Friday, April 1, 2022

Robots are coming for white-collar jobs

CEOs are speeding up the adoption of automation to replace employees once assumed to be immune from it. 

By Jim Hightower 

In corporate speak, there are no “job cuts.”

Instead, firings are blandly referred to as “employment adjustments.” Now though, corporate wordsmiths will need a whole new thesaurus of euphemisms for the massive job cuts coming in the higher echelons of the corporate structure.

Don’t look now, but an unanticipated result of the ongoing pandemic is that it’s given cover for CEOs to speed up the adoption of highly-advanced “Robotic Process Automation,” or RPAs, to replace employees once assumed to be immune from displacement.

As one analyst told a New York Times reporter, “With RPA you can build a bot that costs $10,000 a year and take out two to four humans.”

Prior to the COVID crisis, many top executives feared a public backlash if they pushed automation too far too fast.

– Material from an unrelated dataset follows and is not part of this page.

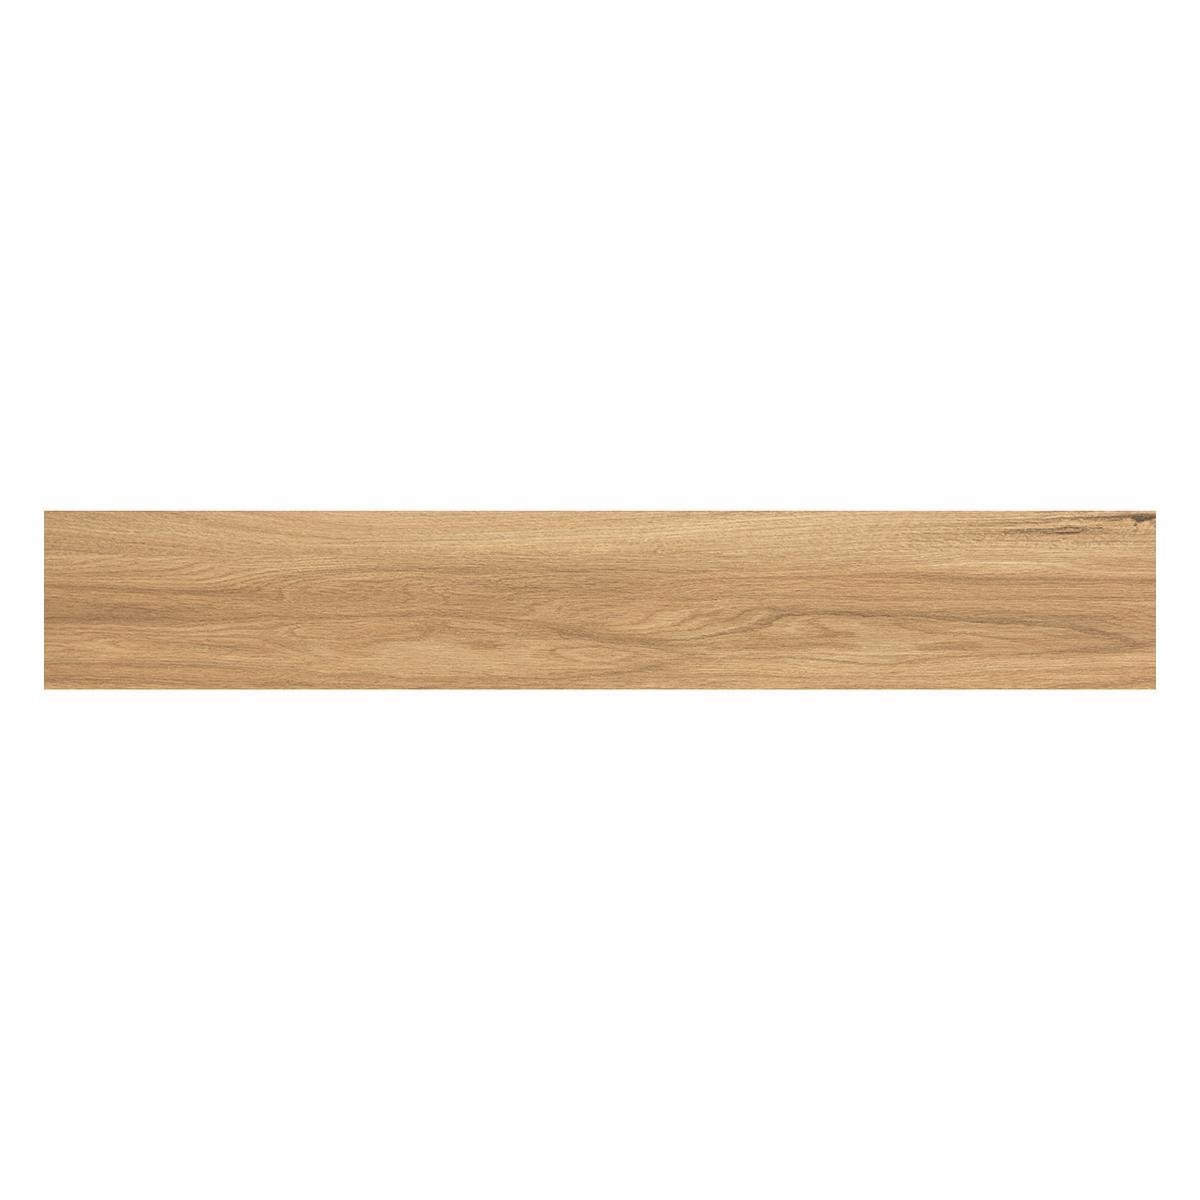 Piso Laminado Urban Roble Walnut Mate - 19.9X121.5 - 2.90 m2

But ironically, the economic backpedaling caused by the pandemic has so discombobulated the workplace and diverted public attention that corporate bosses have been emboldened to rush ahead.

One happy purveyor of RPA systems notes that the pandemic has “massively raised awareness among executives about the variety of work that no longer requires human involvement.” He cheerfully declares: “We think any business process can be automated,” advising corporate bosses that half to two-thirds of all the tasks being done at their companies can be done by machines.

Conventional corporate wisdom blithely preaches that all new technologies create more jobs than they kill, but even those pollyannaish preachers are now conceding that this robotic automation of white-collar jobs is being imposed so suddenly, widely, and stealthily that losses will crush any gains.

“We haven’t hit the exponential point of this stuff yet,” warns an alarmed analyst. “And when we do, it’s going to be dramatic.”

OtherWords columnist Jim Hightower is a radio commentator, writer, and public speaker. Distributed by OtherWords.org.